▸ Work required
Output exactly the lines below, starting with the line that has "Nocturne - Logo" and going on through the line that has "Robert Mogg", both included, and no other lines.
Start of Records supplied
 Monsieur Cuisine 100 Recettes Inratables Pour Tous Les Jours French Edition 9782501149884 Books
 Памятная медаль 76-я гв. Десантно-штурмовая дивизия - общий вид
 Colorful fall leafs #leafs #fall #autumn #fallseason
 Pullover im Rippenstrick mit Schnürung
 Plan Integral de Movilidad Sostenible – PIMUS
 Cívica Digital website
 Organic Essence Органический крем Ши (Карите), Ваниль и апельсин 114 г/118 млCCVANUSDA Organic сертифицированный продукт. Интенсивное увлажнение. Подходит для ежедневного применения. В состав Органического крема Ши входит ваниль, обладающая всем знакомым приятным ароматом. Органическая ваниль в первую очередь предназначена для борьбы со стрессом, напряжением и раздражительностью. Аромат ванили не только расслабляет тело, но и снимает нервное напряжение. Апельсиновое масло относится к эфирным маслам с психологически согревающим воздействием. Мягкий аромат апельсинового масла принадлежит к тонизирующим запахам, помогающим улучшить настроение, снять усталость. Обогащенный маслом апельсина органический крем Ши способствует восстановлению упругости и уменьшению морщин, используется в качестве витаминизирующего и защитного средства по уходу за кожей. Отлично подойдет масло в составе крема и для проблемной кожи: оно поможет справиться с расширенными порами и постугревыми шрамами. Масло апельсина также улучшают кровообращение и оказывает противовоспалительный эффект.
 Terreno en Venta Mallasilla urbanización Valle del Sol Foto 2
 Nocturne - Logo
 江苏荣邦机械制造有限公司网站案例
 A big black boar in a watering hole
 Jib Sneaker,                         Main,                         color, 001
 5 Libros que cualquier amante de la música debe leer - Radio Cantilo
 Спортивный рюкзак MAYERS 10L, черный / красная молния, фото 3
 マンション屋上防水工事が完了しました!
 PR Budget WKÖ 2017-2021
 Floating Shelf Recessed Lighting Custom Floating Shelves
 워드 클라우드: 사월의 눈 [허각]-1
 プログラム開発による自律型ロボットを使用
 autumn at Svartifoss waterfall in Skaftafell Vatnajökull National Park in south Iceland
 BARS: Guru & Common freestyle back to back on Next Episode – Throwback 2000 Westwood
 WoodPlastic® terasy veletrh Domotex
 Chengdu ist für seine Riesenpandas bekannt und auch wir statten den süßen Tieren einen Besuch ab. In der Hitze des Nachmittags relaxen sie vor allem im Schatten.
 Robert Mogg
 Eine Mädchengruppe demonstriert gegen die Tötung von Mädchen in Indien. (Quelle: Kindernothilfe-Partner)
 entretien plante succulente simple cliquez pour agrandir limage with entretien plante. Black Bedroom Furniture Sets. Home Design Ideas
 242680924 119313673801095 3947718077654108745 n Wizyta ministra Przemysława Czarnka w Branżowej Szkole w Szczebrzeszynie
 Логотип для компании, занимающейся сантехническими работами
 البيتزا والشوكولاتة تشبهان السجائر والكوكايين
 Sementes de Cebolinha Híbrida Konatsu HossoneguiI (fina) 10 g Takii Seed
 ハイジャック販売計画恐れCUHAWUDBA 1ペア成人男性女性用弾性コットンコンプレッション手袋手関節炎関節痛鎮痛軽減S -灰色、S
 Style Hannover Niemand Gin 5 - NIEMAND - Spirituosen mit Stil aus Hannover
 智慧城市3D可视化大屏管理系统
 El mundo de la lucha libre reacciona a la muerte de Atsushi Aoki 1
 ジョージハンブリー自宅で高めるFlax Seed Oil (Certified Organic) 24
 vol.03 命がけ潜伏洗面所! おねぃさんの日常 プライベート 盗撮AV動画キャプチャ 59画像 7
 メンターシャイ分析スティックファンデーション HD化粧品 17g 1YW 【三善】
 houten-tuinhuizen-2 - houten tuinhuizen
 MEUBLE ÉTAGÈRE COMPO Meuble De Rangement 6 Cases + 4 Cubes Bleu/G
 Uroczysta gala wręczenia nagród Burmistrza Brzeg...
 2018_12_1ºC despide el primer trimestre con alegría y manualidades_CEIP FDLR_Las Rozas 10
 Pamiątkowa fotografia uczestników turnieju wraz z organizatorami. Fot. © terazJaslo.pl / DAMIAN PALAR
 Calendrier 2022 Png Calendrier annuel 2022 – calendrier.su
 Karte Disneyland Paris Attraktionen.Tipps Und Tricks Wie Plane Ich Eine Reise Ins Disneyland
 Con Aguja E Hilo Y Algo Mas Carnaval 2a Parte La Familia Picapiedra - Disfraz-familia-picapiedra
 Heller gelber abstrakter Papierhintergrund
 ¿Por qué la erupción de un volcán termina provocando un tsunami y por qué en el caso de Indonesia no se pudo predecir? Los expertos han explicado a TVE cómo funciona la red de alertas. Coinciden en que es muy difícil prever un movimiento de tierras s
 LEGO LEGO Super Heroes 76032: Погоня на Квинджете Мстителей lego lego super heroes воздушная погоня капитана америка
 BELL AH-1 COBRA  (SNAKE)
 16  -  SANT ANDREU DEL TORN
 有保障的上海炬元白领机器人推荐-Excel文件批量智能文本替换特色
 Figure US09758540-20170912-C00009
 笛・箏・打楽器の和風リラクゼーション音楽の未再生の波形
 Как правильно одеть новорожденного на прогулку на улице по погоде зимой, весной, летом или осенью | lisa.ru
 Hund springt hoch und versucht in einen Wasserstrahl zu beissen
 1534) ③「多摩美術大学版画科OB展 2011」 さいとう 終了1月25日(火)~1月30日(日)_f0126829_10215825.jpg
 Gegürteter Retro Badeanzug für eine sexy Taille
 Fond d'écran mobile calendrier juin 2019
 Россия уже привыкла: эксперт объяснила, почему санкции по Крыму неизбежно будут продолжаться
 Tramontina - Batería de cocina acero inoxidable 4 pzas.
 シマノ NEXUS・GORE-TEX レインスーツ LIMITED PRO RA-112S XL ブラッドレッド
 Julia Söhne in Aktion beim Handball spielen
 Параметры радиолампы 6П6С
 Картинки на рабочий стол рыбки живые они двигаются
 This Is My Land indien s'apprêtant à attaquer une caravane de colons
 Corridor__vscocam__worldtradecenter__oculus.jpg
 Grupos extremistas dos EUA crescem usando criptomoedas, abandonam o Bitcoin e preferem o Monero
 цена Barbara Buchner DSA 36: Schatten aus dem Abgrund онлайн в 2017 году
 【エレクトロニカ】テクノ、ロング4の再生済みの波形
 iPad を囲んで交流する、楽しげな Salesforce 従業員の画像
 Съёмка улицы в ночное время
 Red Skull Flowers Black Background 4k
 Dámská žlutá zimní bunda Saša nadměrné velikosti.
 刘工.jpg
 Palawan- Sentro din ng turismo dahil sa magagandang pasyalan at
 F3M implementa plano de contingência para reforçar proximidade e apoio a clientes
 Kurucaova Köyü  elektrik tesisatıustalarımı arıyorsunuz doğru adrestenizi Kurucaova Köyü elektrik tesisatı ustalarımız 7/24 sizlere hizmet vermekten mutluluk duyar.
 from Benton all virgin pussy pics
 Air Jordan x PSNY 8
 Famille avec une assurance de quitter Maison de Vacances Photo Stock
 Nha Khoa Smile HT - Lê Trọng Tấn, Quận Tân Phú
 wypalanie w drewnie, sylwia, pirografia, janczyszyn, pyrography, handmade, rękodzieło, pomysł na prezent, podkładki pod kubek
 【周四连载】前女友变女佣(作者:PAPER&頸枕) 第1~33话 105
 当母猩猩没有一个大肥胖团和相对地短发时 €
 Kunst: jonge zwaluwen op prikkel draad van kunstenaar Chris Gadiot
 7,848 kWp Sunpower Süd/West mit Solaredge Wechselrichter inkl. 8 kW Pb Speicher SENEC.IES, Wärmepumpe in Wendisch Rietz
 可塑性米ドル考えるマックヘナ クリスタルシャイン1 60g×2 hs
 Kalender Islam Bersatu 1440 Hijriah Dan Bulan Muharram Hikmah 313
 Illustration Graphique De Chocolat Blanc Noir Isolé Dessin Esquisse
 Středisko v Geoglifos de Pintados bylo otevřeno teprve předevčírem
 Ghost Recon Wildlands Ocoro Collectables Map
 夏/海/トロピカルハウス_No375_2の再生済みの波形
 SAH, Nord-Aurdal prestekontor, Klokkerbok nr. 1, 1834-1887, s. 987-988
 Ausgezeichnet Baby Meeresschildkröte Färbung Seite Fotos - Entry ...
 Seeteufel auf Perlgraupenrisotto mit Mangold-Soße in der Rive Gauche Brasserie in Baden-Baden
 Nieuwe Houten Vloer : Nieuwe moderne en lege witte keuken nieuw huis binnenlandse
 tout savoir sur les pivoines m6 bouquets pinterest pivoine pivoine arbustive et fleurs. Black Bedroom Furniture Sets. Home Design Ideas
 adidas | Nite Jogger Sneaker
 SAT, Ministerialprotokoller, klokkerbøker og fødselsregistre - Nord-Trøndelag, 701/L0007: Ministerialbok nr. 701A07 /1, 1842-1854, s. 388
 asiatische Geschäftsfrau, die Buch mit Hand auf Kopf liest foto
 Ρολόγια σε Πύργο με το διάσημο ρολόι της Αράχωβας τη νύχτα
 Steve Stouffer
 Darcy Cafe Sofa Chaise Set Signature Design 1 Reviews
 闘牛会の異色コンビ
End of Records supplied
▸ Exercise response
 Nocturne - Logo
 江苏荣邦机械制造有限公司网站案例
 A big black boar in a watering hole
 Jib Sneaker,                         Main,                         color, 001
 5 Libros que cualquier amante de la música debe leer - Radio Cantilo
 Спортивный рюкзак MAYERS 10L, черный / красная молния, фото 3
 マンション屋上防水工事が完了しました!
 PR Budget WKÖ 2017-2021
 Floating Shelf Recessed Lighting Custom Floating Shelves
 워드 클라우드: 사월의 눈 [허각]-1
 プログラム開発による自律型ロボットを使用
 autumn at Svartifoss waterfall in Skaftafell Vatnajökull National Park in south Iceland
 BARS: Guru & Common freestyle back to back on Next Episode – Throwback 2000 Westwood
 WoodPlastic® terasy veletrh Domotex
 Chengdu ist für seine Riesenpandas bekannt und auch wir statten den süßen Tieren einen Besuch ab. In der Hitze des Nachmittags relaxen sie vor allem im Schatten.
 Robert Mogg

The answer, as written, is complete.